-- Data for this task --

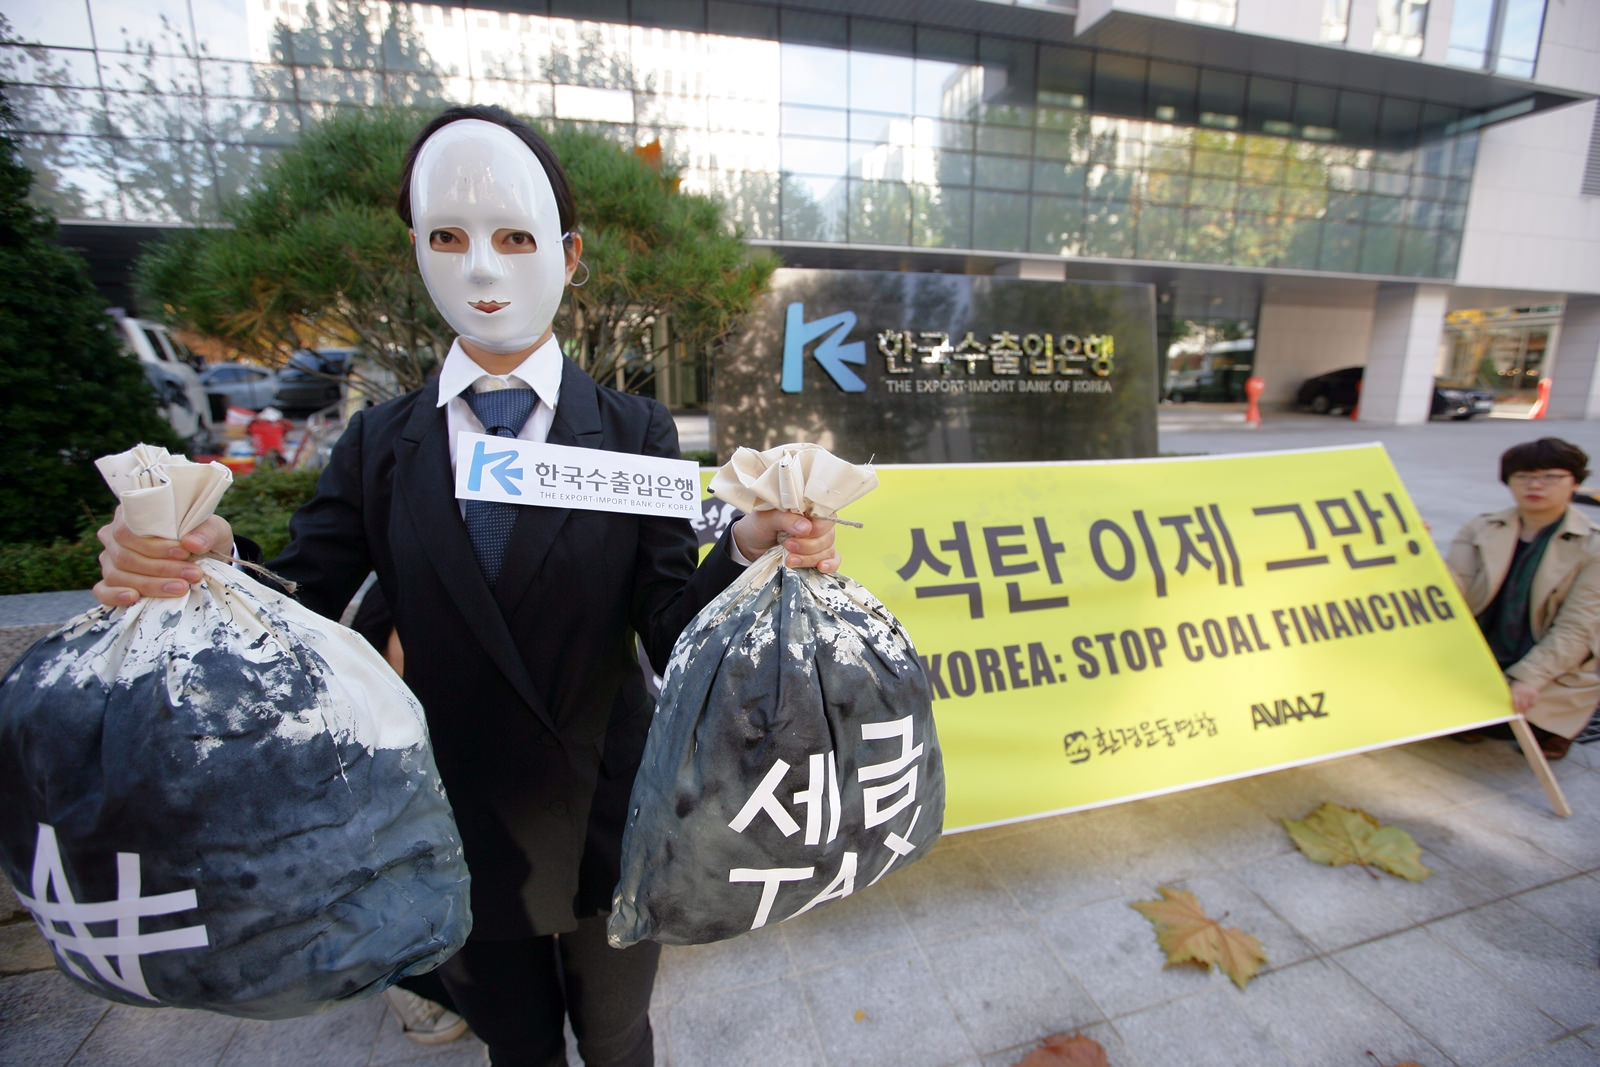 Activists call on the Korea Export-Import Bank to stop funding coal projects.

* * *

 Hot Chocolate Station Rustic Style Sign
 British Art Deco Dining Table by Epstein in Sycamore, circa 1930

-- Exercise directions --
Begin at the line above that has "Hot Chocolate Station Rustic Style Sign" and stop after the line that has "British Art Deco", copying each line exactly and adding nothing else.

-- Solution --
 Hot Chocolate Station Rustic Style Sign
 British Art Deco Dining Table by Epstein in Sycamore, circa 1930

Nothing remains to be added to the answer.